What's an NVM reset?


----------



## Bill Mullin (Jul 24, 2002)

> _Originally posted by dbronstein _
> *What's an NVM reset? *


Check near the bottom of this message:

http://www.dbstalk.com/showthread.php?s=&threadid=12874&pagenumber=2


----------



## Kagato (Jul 1, 2002)

NVM Worked for me. Still, even if the uplink failed, why did it clear the Guide Info that was already cached on the unit...


----------



## BobMurdoch (Apr 24, 2002)

Do the NVM reset. Allow 30 minutes (15 minutes to do the reset, reboot, and switch check + 15 minutes to redo your preferences, audio settings, passwords, and favorites list) and it will work.

TIMERS AND RECORDINGS WILL BE UNAFFECTED. So don't worry about that.

All guide date restored on mine. Now let's see how long it takes them to get this solution (or another method) out to the rest of the masses.


----------



## BobMurdoch (Apr 24, 2002)

E* is now saying that they DON'T want you to do the NVM reset as it will introduce sluggish response to your system.

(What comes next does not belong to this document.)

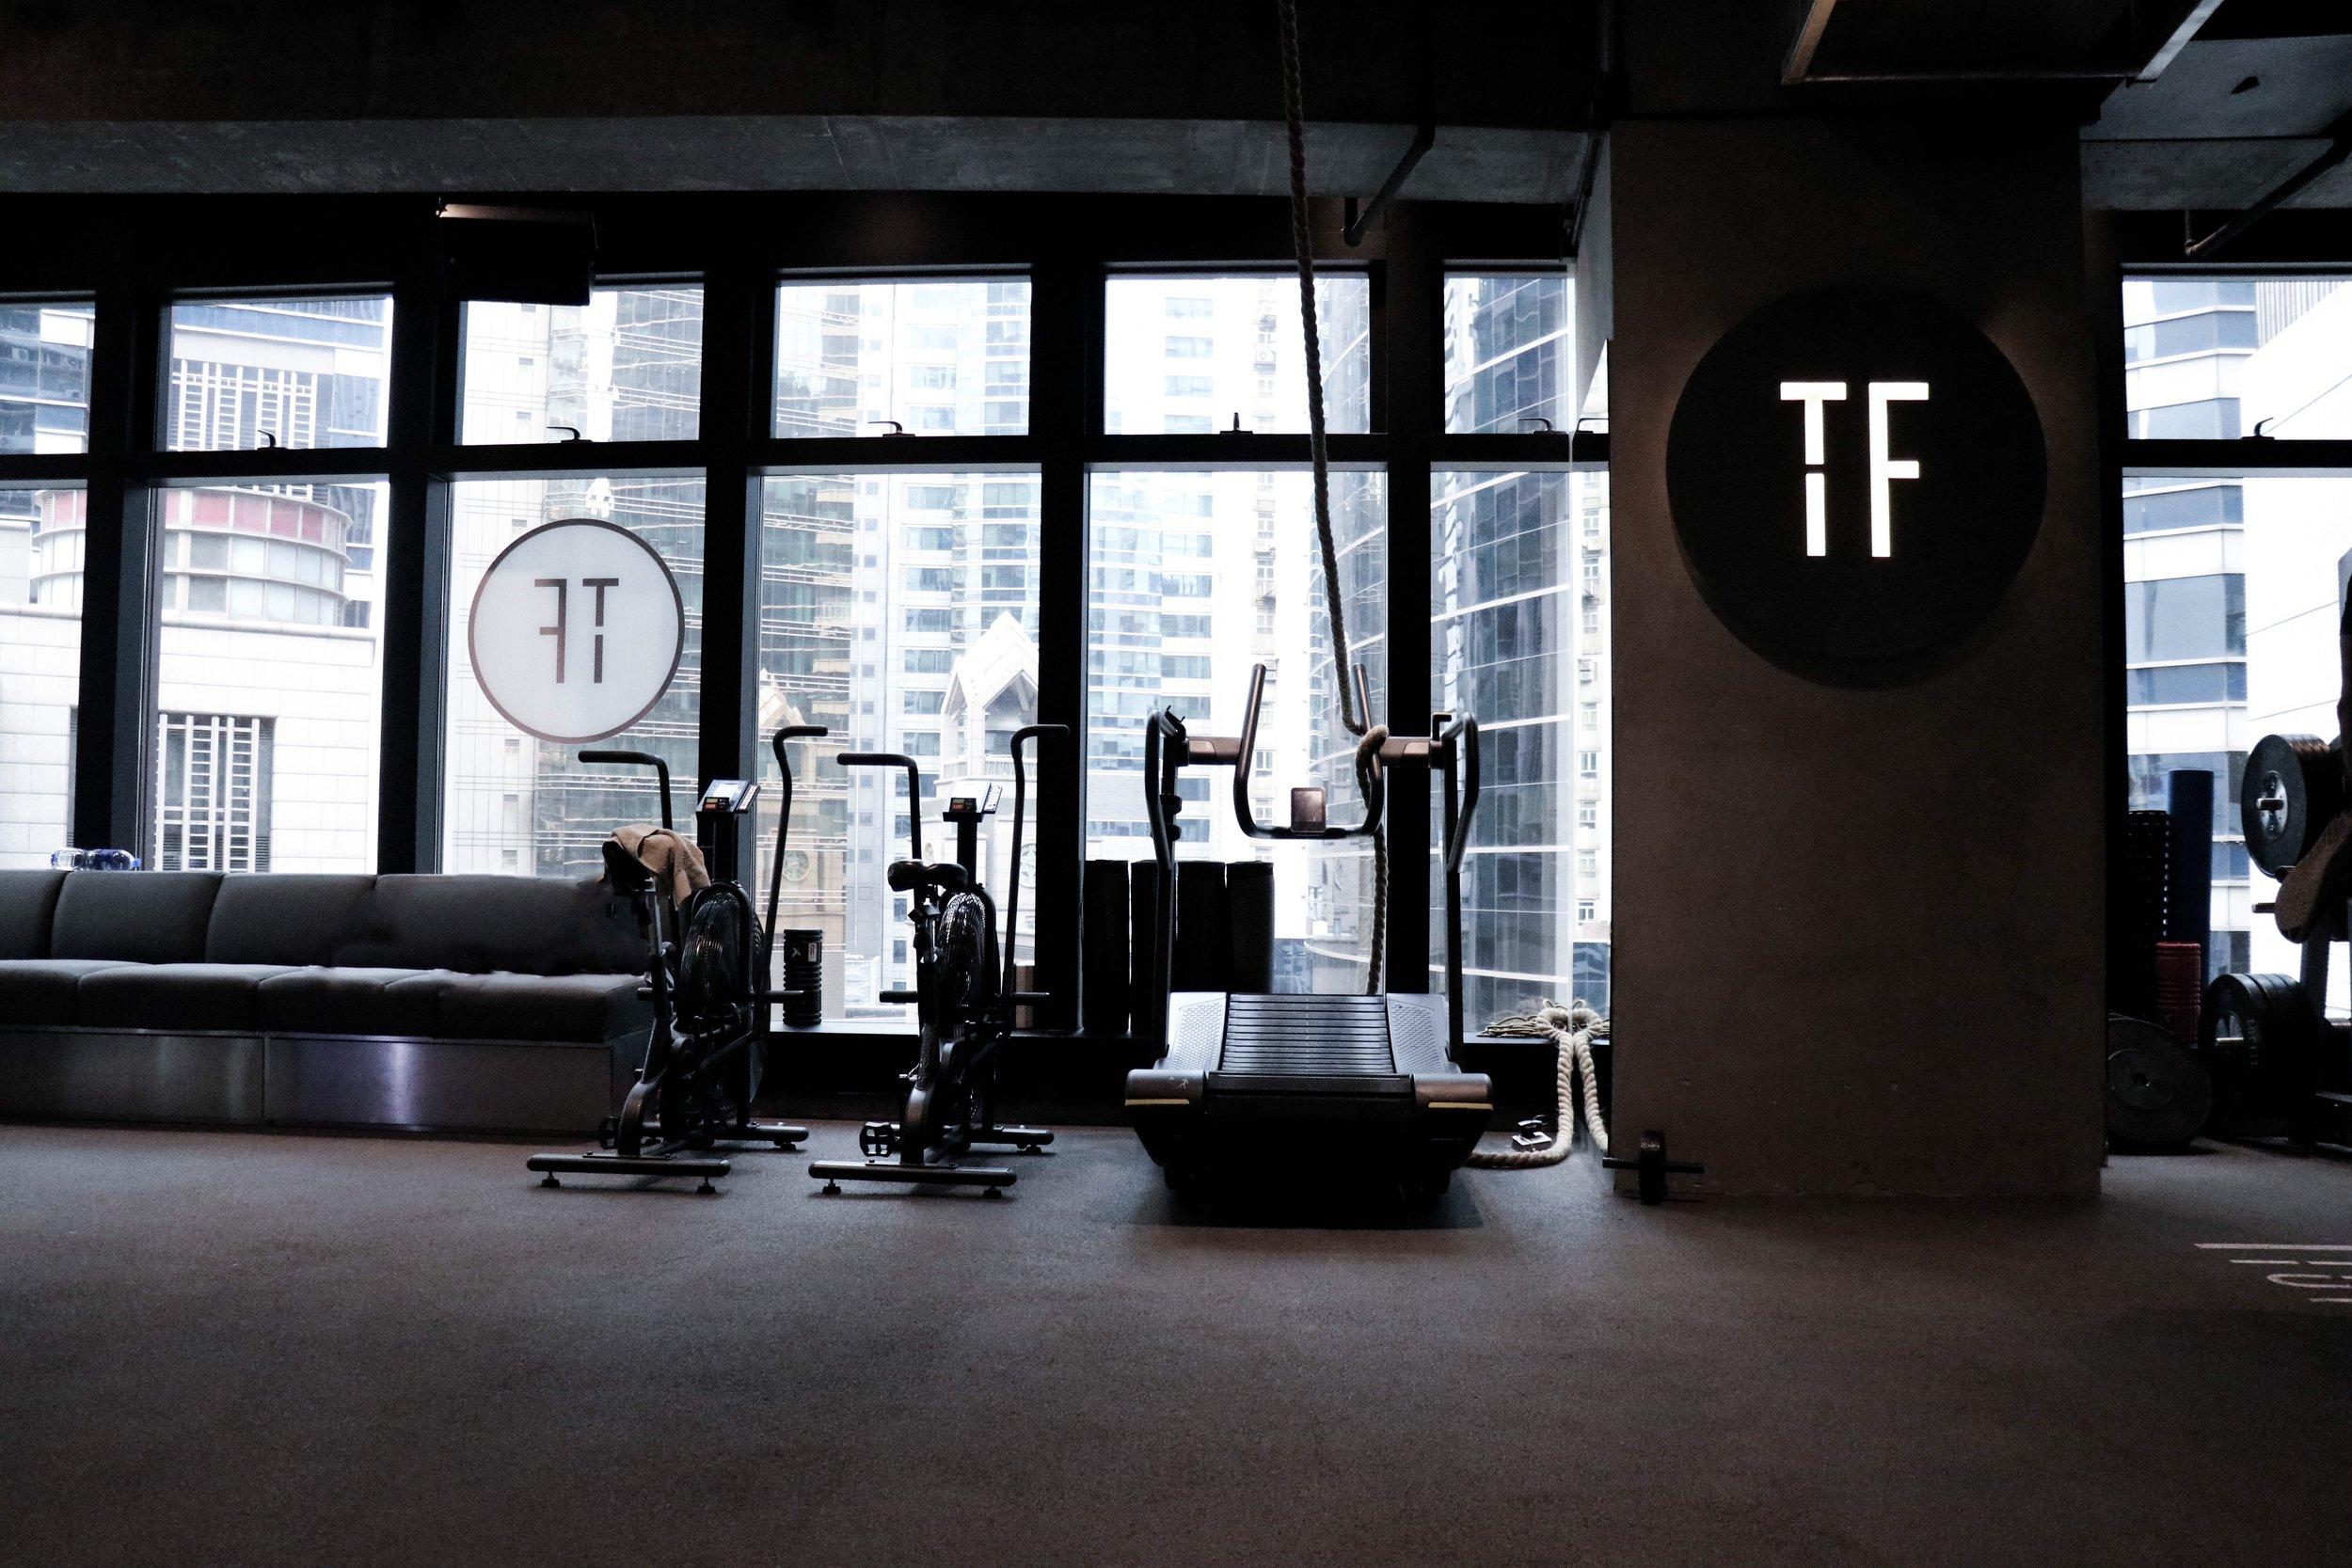 Gym Rental View - TopFit Gym Hong Kong.JPG

OK, whatever. I did the reset and will take the slowness compared to not being able to set a timer until 30 minutes before it starts.


----------



## Chris Blount (Jun 22, 2001)

The guide is fixed now. Closing this thread since there is a duplicate thread running here:

http://www.dbstalk.com/showthread.php?s=&threadid=12874


----------